**SOURCE DATA:**
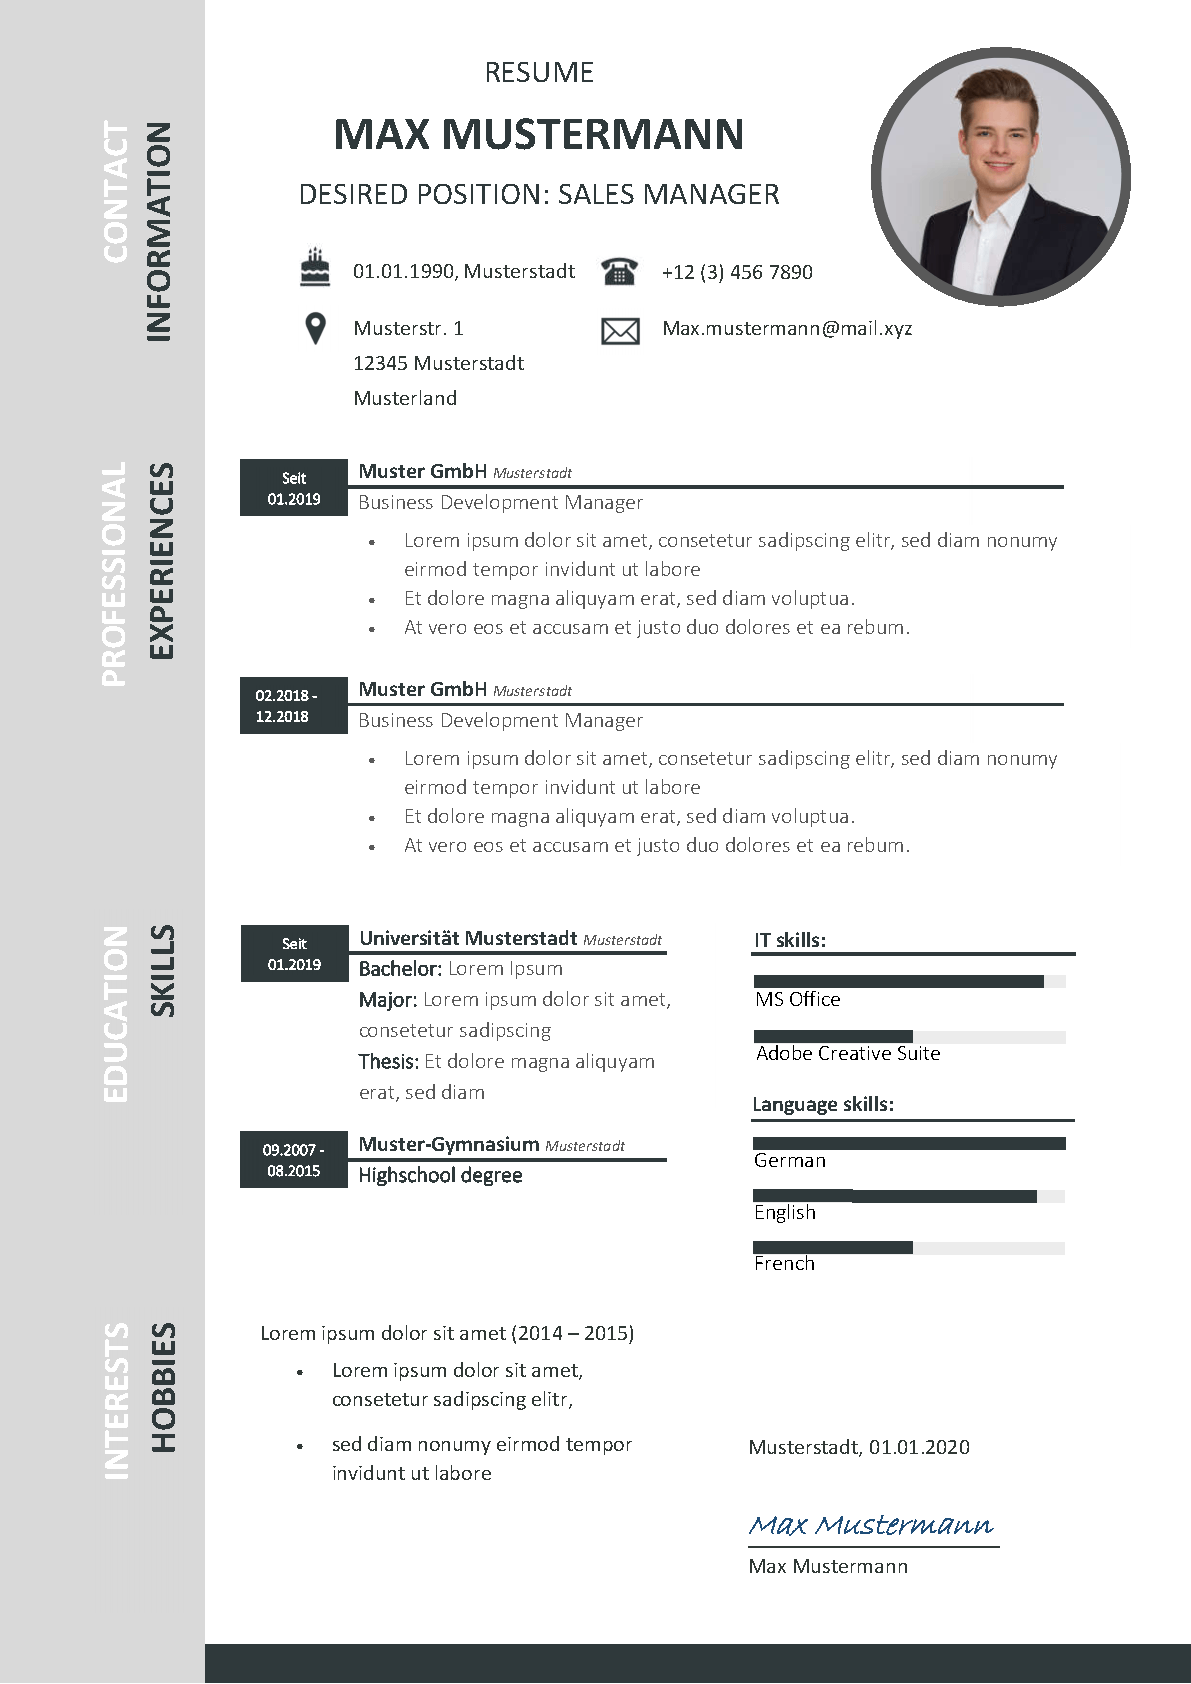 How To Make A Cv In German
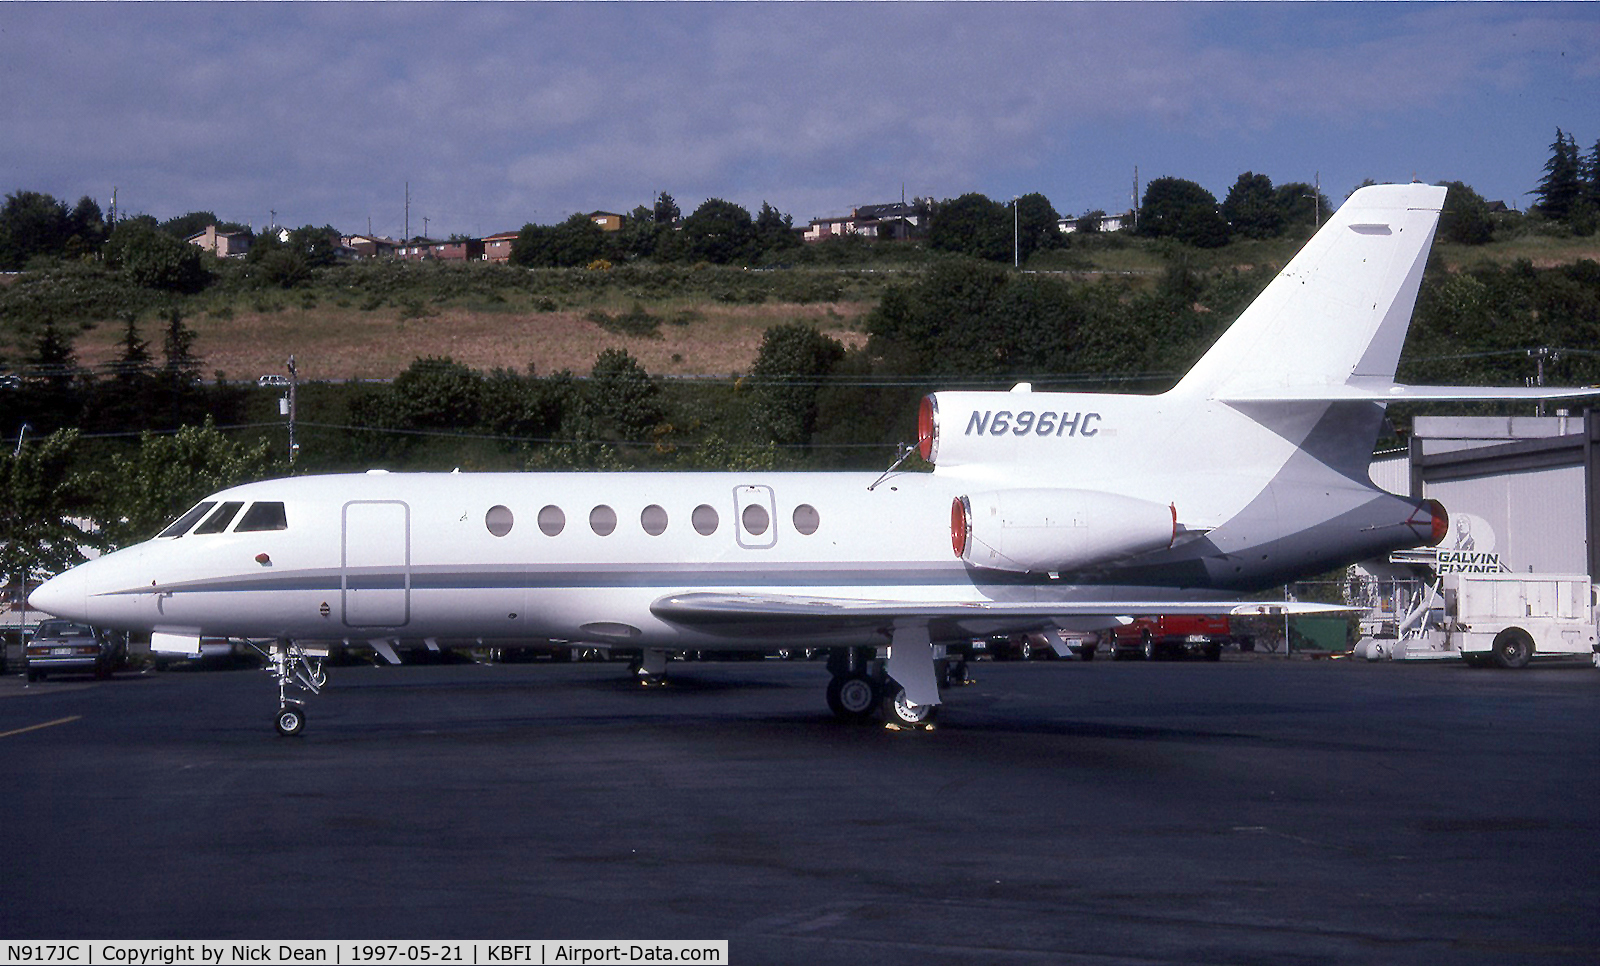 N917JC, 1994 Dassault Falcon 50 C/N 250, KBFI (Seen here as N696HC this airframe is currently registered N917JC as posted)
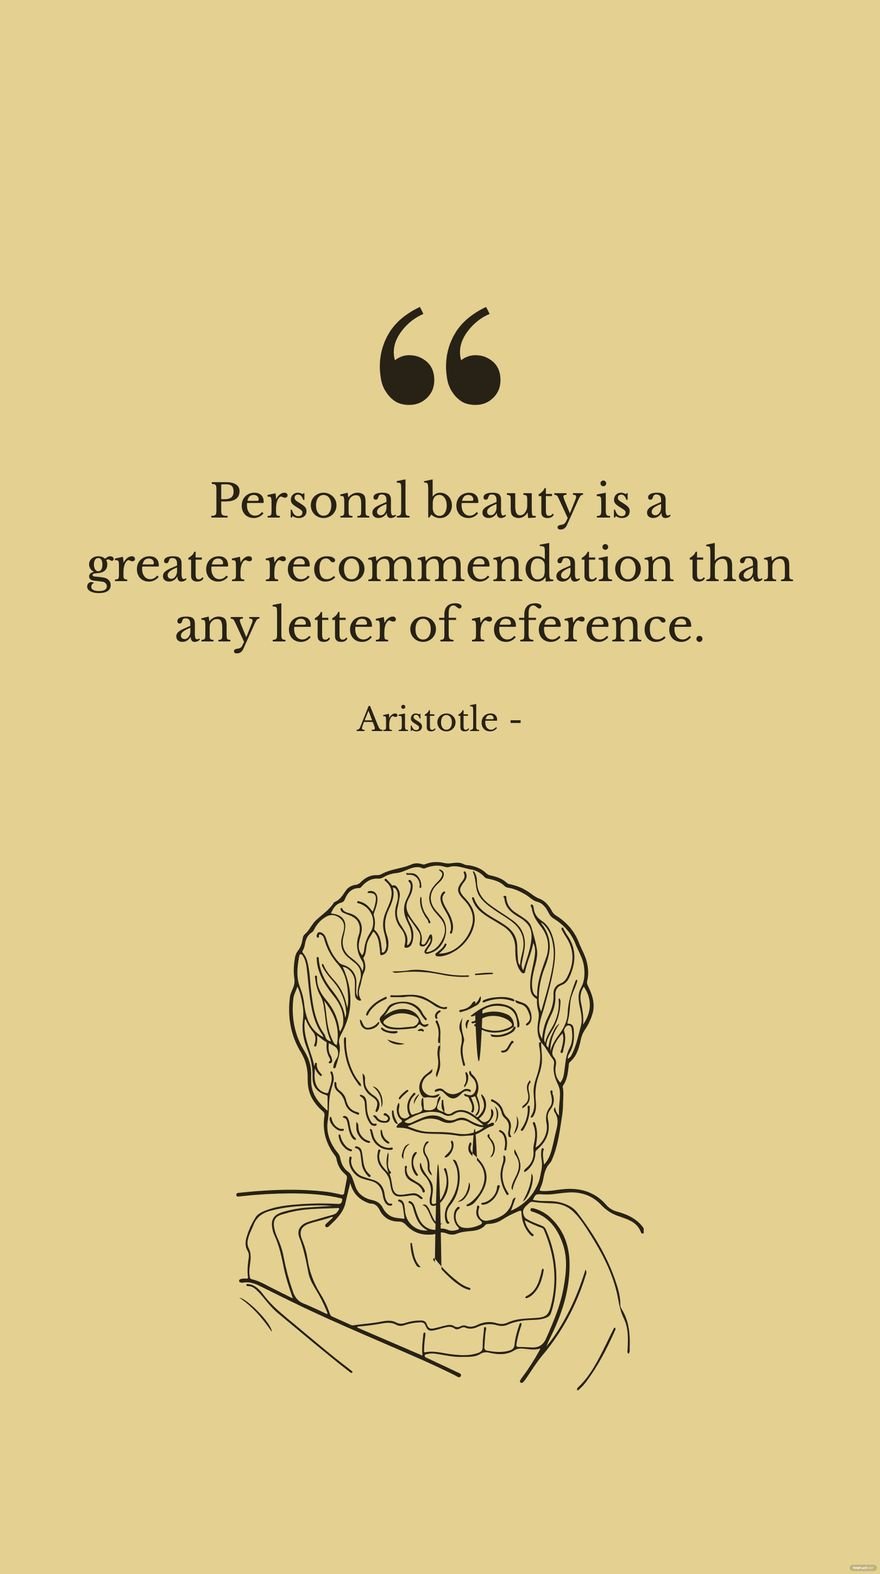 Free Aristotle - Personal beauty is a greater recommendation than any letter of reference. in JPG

**EXERCISE AIM:**
Without including any pictures, set down word for word every line from the one containing "N917JC, 1994 Dassault" through the last line of the material.

**RESPONSE BELOW:**
 N917JC, 1994 Dassault Falcon 50 C/N 250, KBFI (Seen here as N696HC this airframe is currently registered N917JC as posted)
 Free Aristotle - Personal beauty is a greater recommendation than any letter of reference. in JPG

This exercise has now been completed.